Rhea-AI Filing Summary

CompoSecure, Inc. (CMPO) reporting person Gregoire Maes, Chief Operating Officer and director, reported transactions dated 09/08/2025. The filing shows 6,370 shares of Class A common stock issued to Mr. Maes for no additional consideration under an earn-out provision from the merger that closed December 27, 2021, increasing his beneficial ownership to 785,432 shares. The report also records a disposition of 3,452 shares at $19.40 per share, leaving reported beneficial ownership at 781,980 shares.
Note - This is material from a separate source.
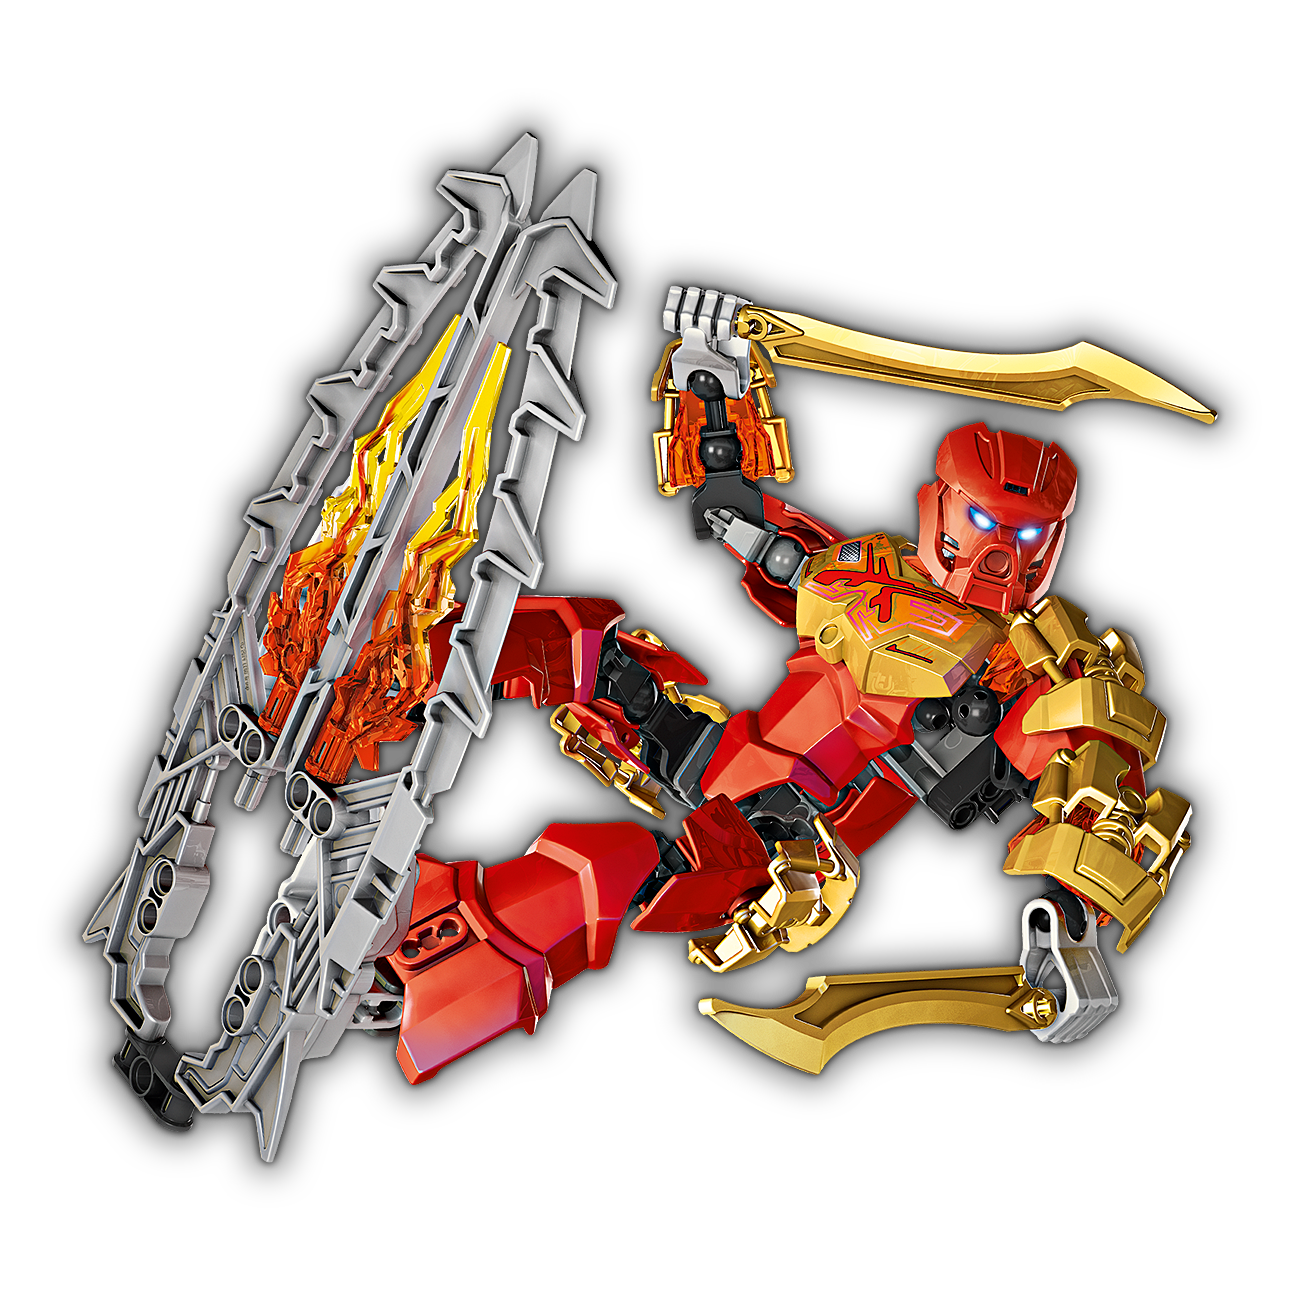 Tahu (2015) - The Bionicle Wiki - The Wikia wiki about ...  Tahu (2015) - T...

The filing discloses various restricted stock units and performance-vesting RSUs that convert to Class A common stock on vesting, with specific vesting dates and conditions summarized in the explanation section.

Positive

  • Earn-out issuance of 6,370 shares provided to the reporting person under the merger agreement without additional cash consideration, increasing insider alignment with shareholders
  • Substantial aggregate beneficial ownership reported (~781,980–785,432 shares), demonstrating continued insider stake
  • Large pool of RSUs and performance-vesting RSUs aligns long-term executive incentives with company performance and continued service

Negative

  • Disposition of 3,452 shares at $19.40 reduces the reporting person's direct holdings, though the sale is small relative to total ownership
  • Significant portion of holdings is unvested or performance-conditioned, so actual immediate voting or economic power may be lower than gross share count implies

Insights

TL;DR: Insider received earn-out shares and sold a small block; significant RSU and performance-vesting holdings remain subject to service and performance conditions.
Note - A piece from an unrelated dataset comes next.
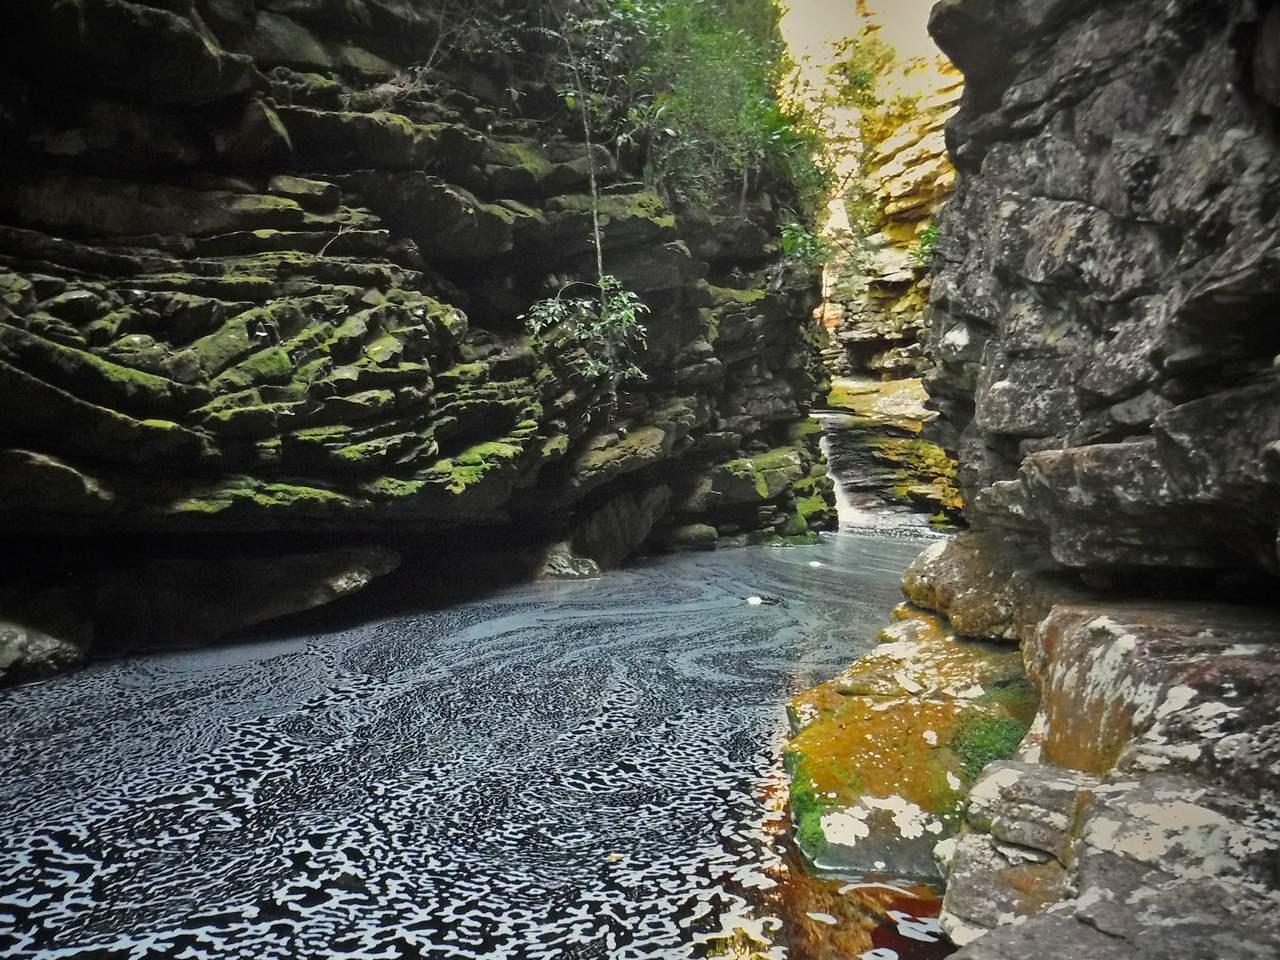 Cachoeira da Mixila, Canyon, Chapada Diamntina, Bahia, Brazil (6)

The Form 4 documents a non-cash issuance of 6,370 shares under a merger earn-out and a contemporaneous disposition of 3,452 shares at $19.40 each. The filing details the composition of 781,980–785,432 reported shares including vested shares, time-based RSUs with multi-year vesting dates, and 291,670 performance-vesting RSUs governed by achievement targets. For governance reviewers, the material elements are the earn-out issuance tied to the merger agreement and the extensive RSU structure that links significant insider ownership to future service and performance milestones.

TL;DR: Insider ownership remains substantial and largely subject to vesting; the sale size is modest relative to total holdings.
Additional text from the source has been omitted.